Who Did You Think You Were ?



I am fortunate to live in a beautiful part of the country - the Pacific Northwest, near Seattle.


My dad got me started doing some black and white darkroom work when we lived in Wheaton, Illinois, probably around 1962. He taught me how to develop film and use a contact printer. There was always something magical about exposing a piece of photographic paper, then putting it in the developer solution and watching the black and white image "appear". After moving to Washington state, dad built a photography cupboard with storage below for papers, chemicals and other supplies. We got an enlarger, tanks, trays, timer and lots more equipment. This set-up was installed in the bathroom, next to the sink and counter top.


My first "real" camera was a 35mm rangefinder type camera that I got when I was in high school. The subjects of my pictures were the people and things near me. I shot a lot of black and white film back in those days because I could develop the film, myself, and then enlarge and print the pictures I was interested in. 1965 - SRH at 16I also shot color slides, which were fun to project. That 35mm rangefinder camera stayed with me after high school and followed me into the Army and on to Vietnam.

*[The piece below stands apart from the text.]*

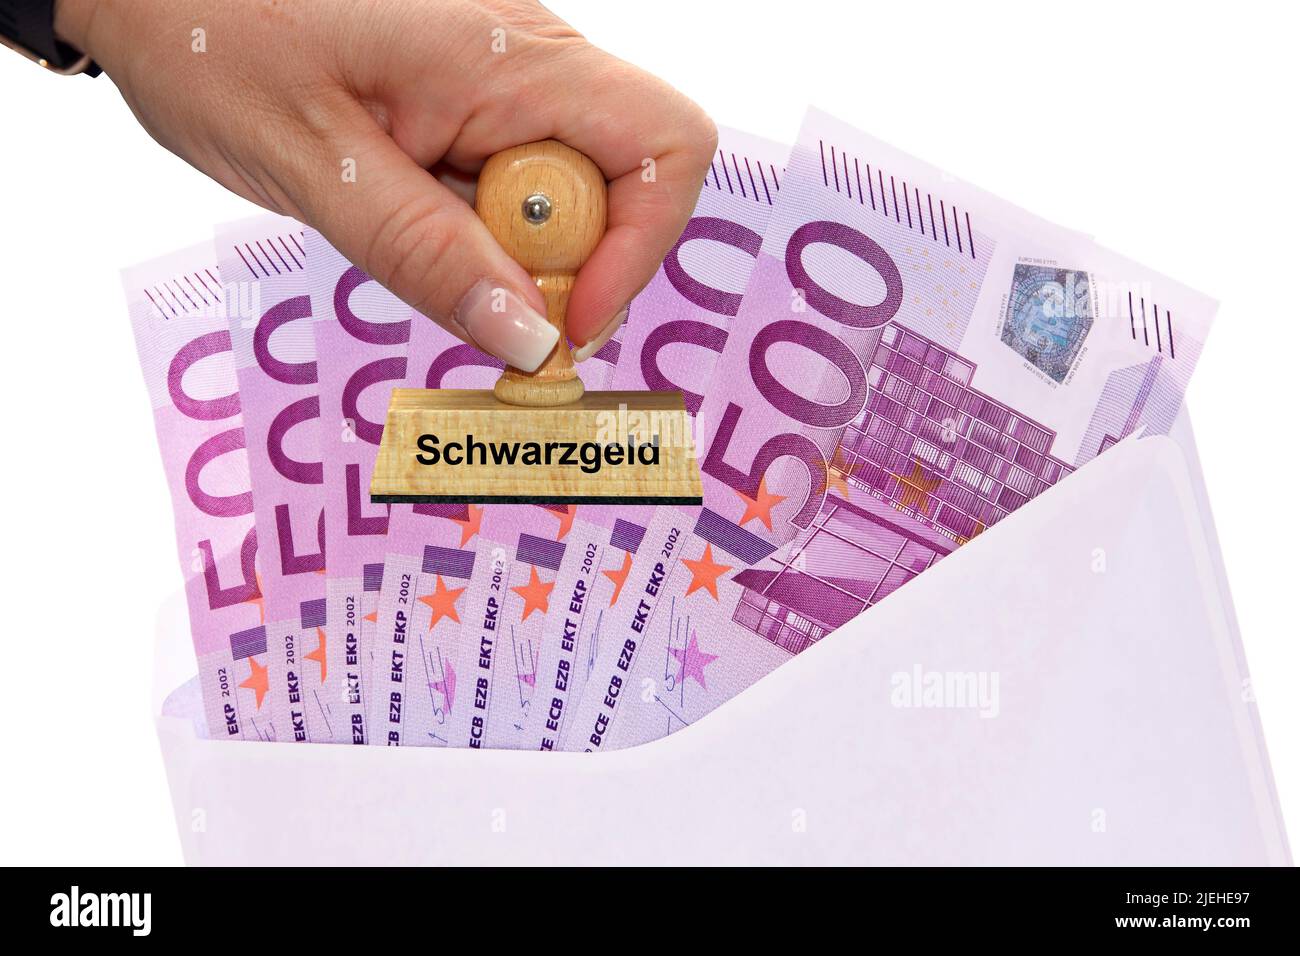 Schwarzgeld, Steuerfrei, Finanzamt, Viele 500 Euro Banknoten der  Europaäschen Union im Briefumschlag Stock Photo
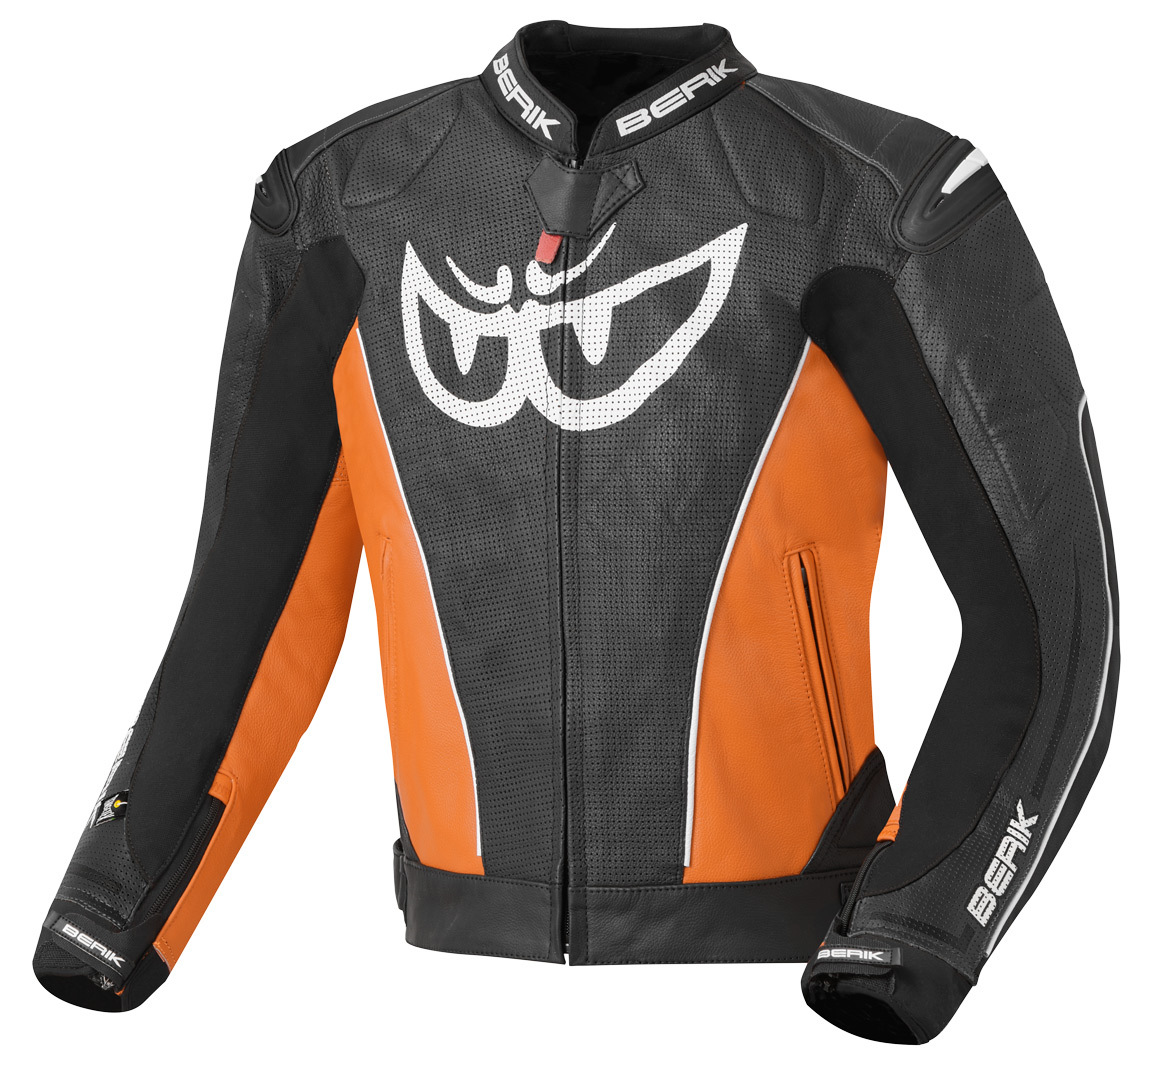 Мотоциклетная кожаная куртка Berik Street с регулируемой талией и манжетами, черный/оранжевый куртка кожаная grand canyon colby мотоциклетная черный оранжевый

One of my goals for my tour of duty in Vietnam was to trade the rangefinder camera for a 35mm single lens reflex camera. Within the first few months of my tour, I saved enough money to order a 35mm SLR - a Topcon. I ordered a 50mm, f1.2 prime lens, a 135mm telephoto lens, a 2x converter that doubled the length of those lenses, and assorted other gear to go with the camera.


The Ferry Kalakala - August, 1965

Vietnam was an interesting place to take pictures. Once again, my photographic subjects were the people and things near me. In July of 1970, a photo lab was built at the base camp for the 25th Infantry Division. This darkroom and photo lab was made for the troops to use when they weren't busy doing "other things", like fighting a war. I took several hundred black and white photos, and maybe as many color slides. As a trumpet player in an Army division band in South Vietnam in 1969 and 1970, I got to travel a lot. I took pictures at change of command ceremonies at different base camps; pictures at small fire support bases out in the jungle between Saigon and Cambodia; pictures of all kinds of aircraft, helicopters, armored personnel carriers, artillery pieces; pictures of the people in small villages and big cities; pictures of my fellow band members, our company area, our perimeter guard tower and bunker; pictures of the Vietnamese civilians who worked for us, and lots of pictures of Vietnamese kids.


There is one thing I did not get a picture of during more than a year in Vietnam. It was something I saw daily. Whenever I would see them, I would tell myself, there will always be another time to get a picture. But I never got one. Water Buffalo!